**Collected material**
####################
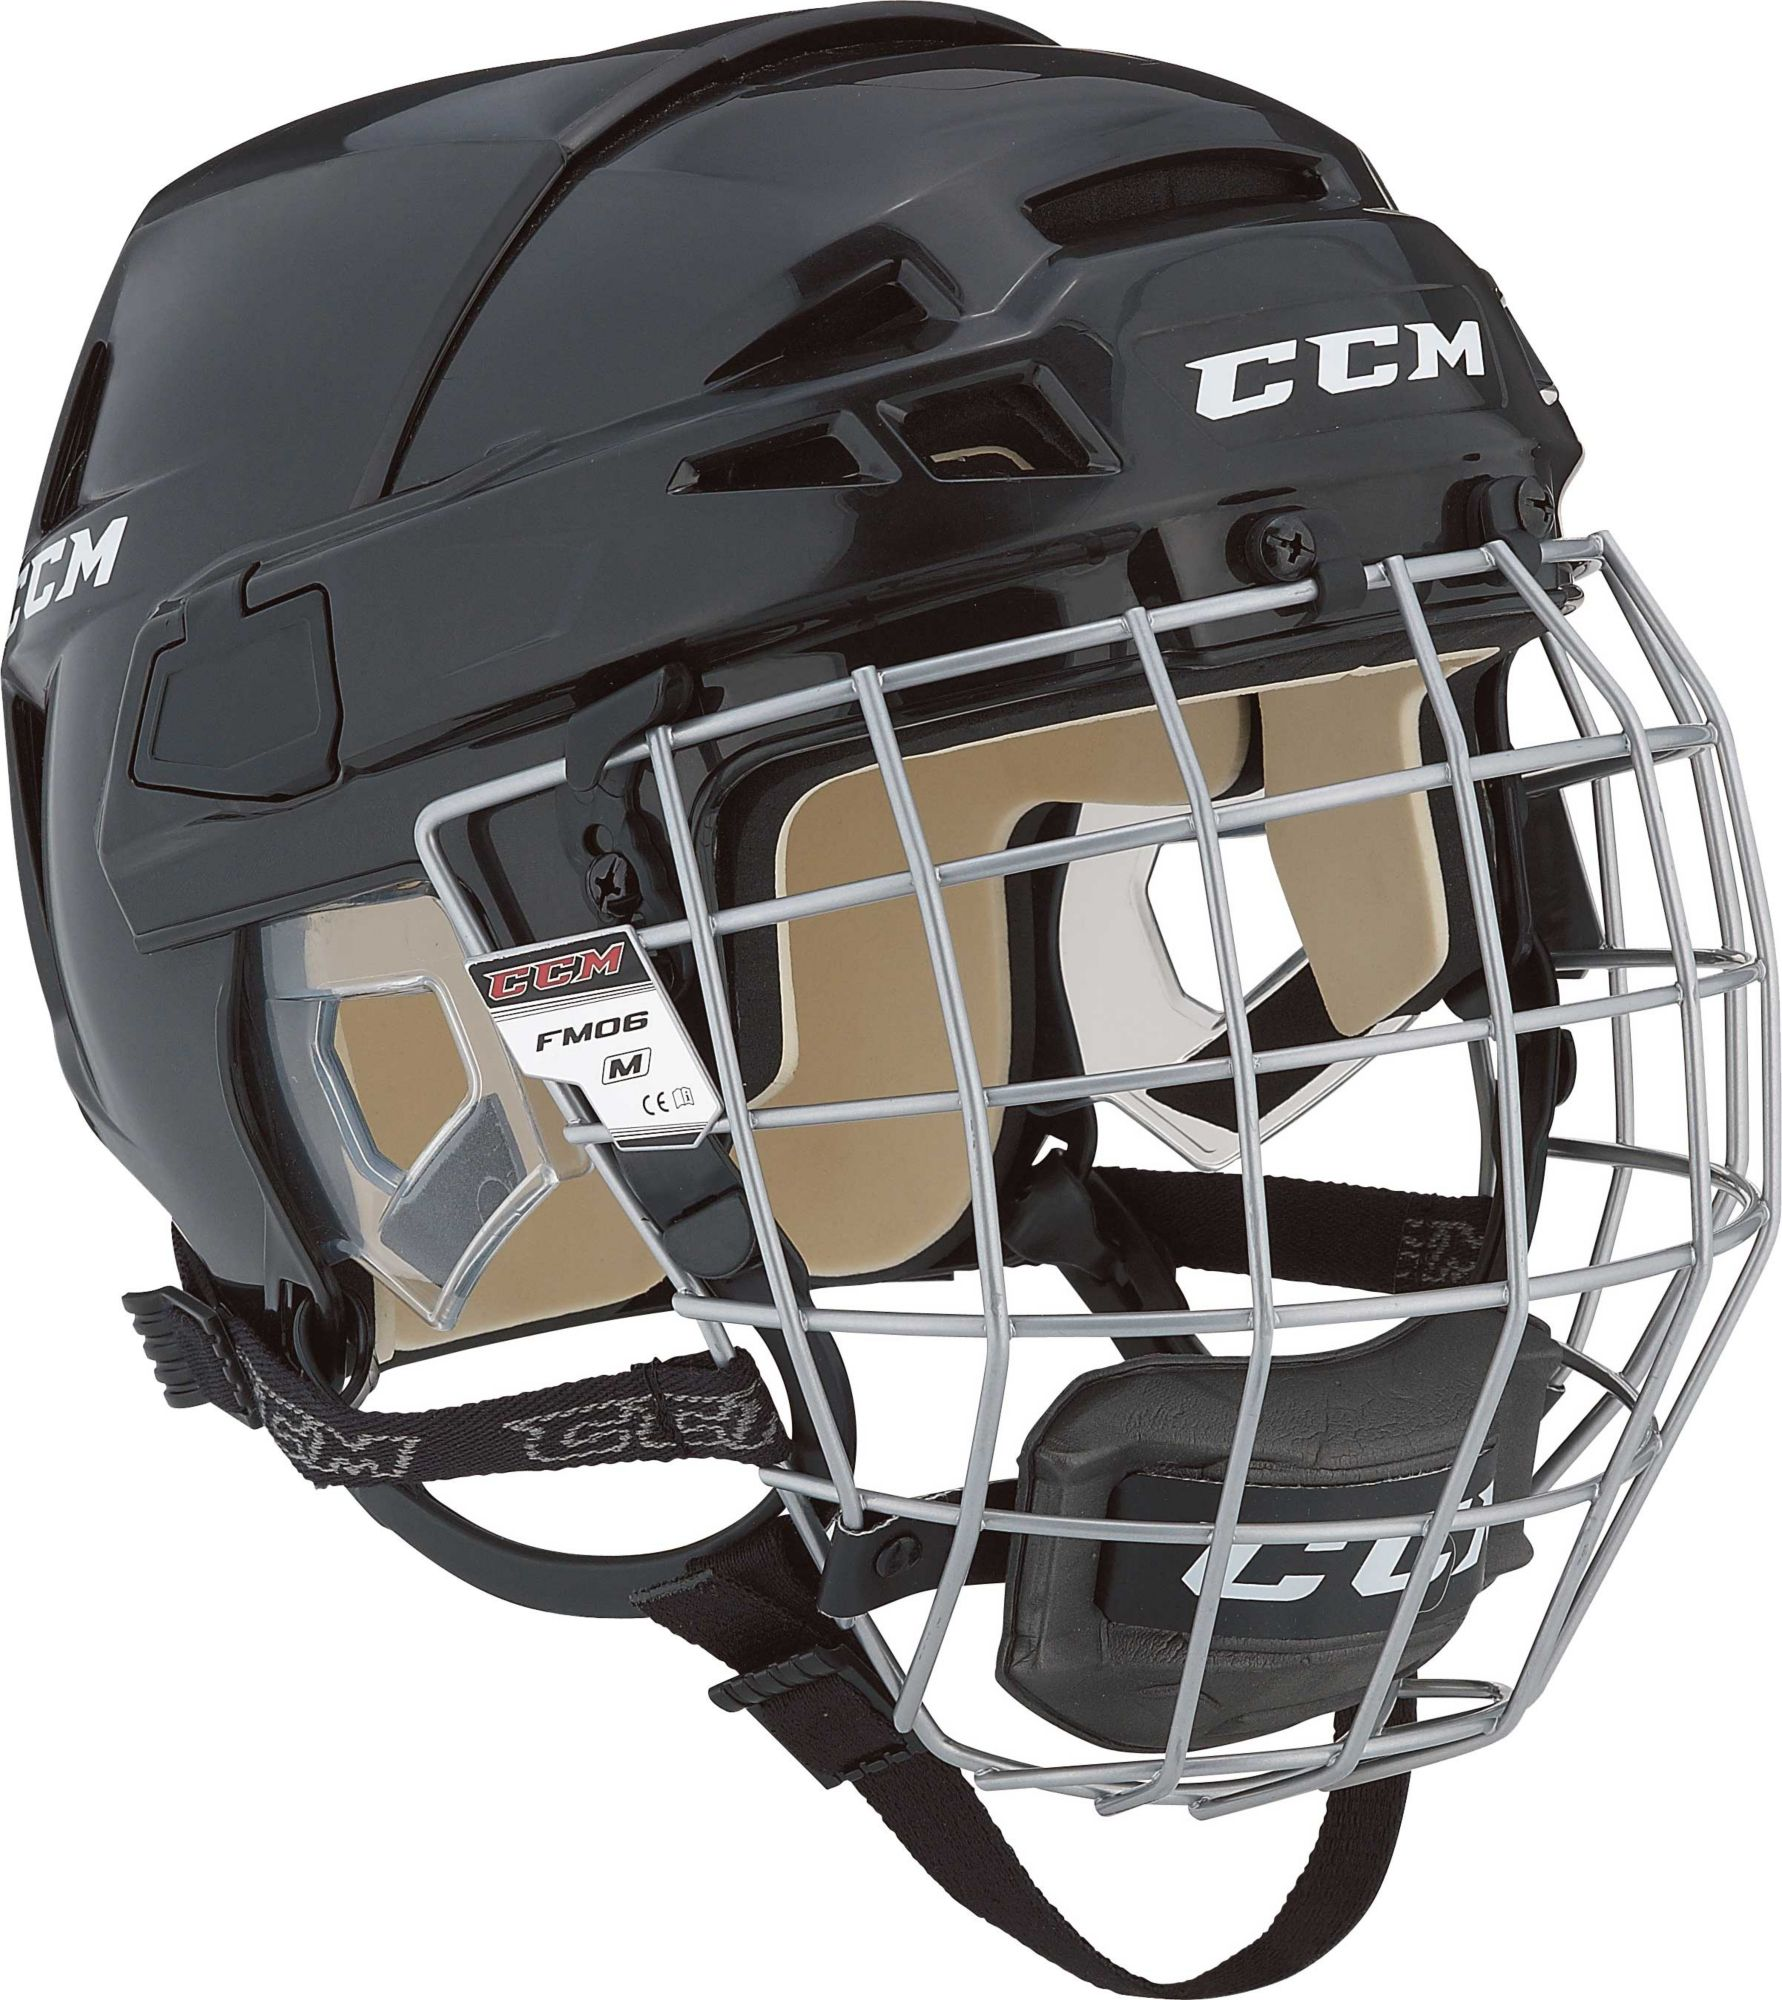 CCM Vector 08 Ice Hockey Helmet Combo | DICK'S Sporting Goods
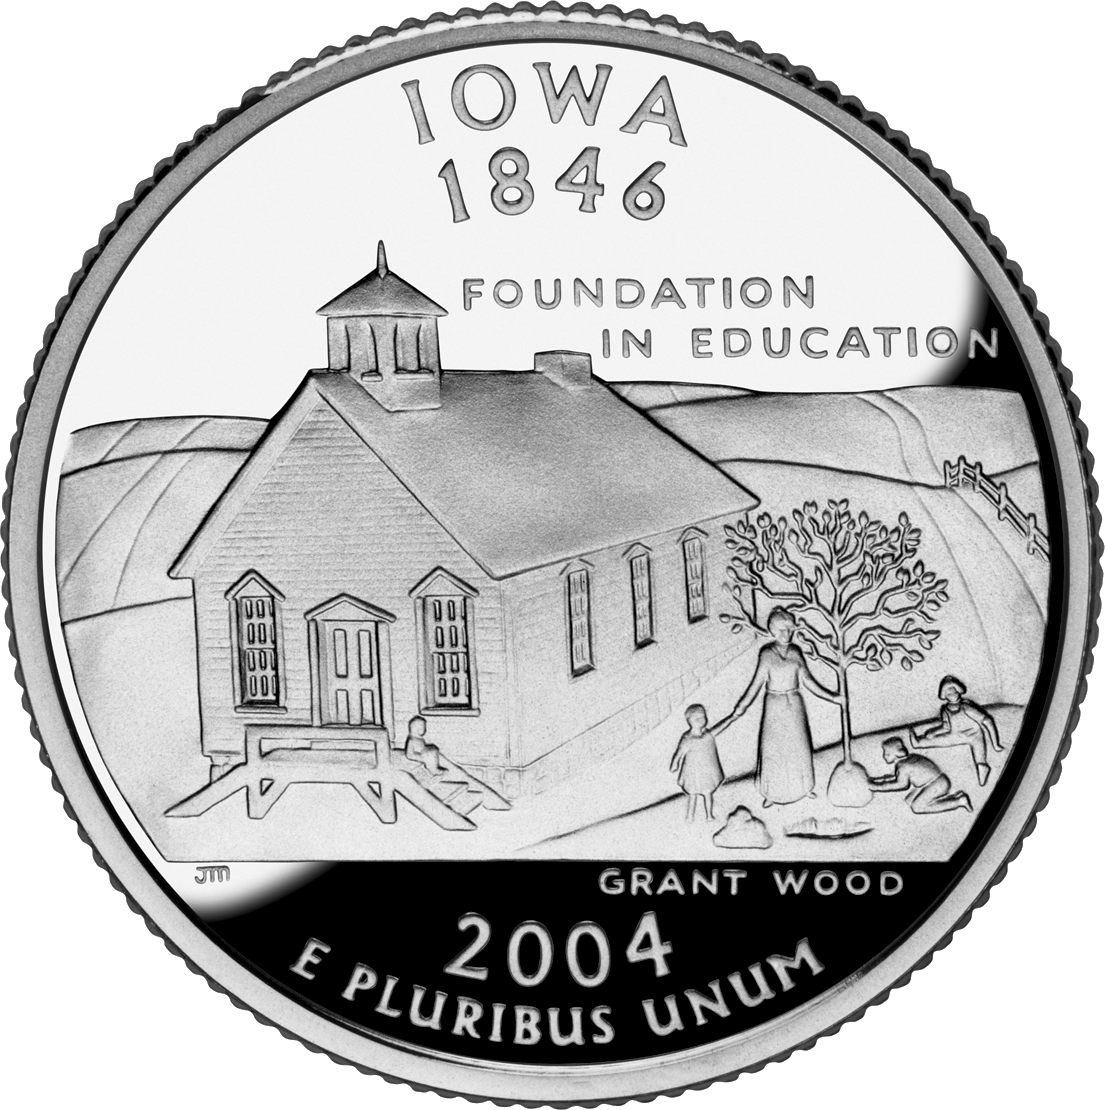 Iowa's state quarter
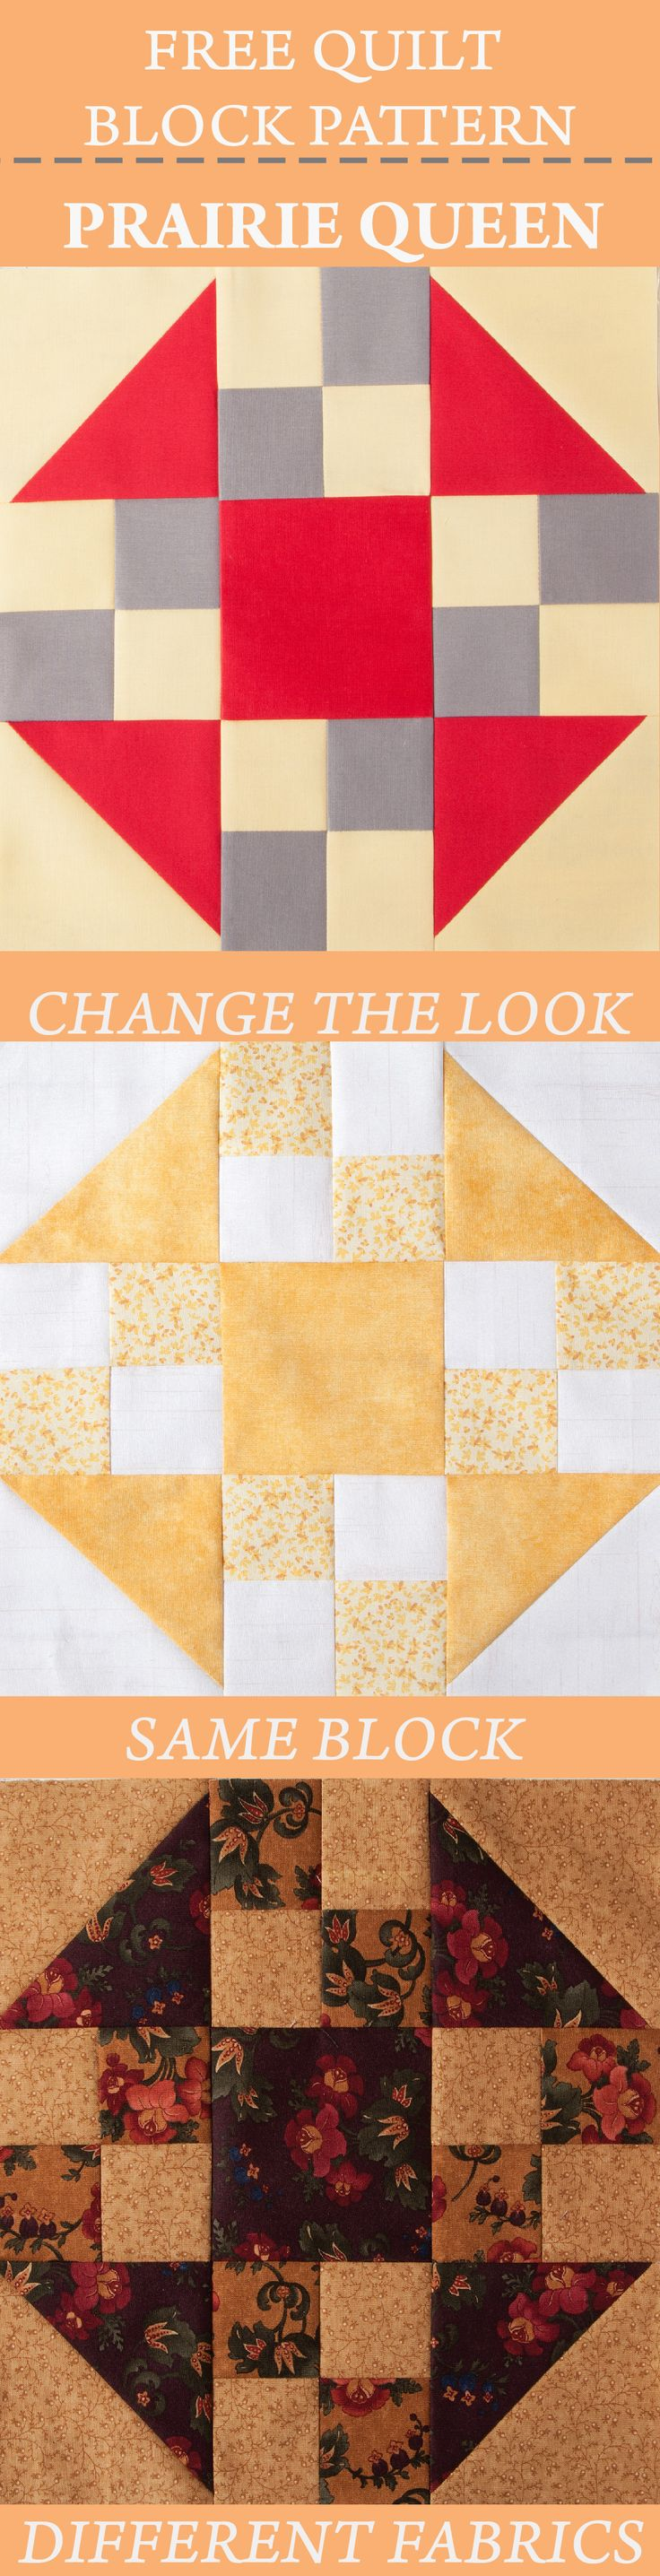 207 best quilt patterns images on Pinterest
####################
**Task to carry out**
Give the data again exactly as it stands, apart from the pictures.

**Task result**
 CCM Vector 08 Ice Hockey Helmet Combo | DICK'S Sporting Goods
 Iowa's state quarter
 207 best quilt patterns images on Pinterest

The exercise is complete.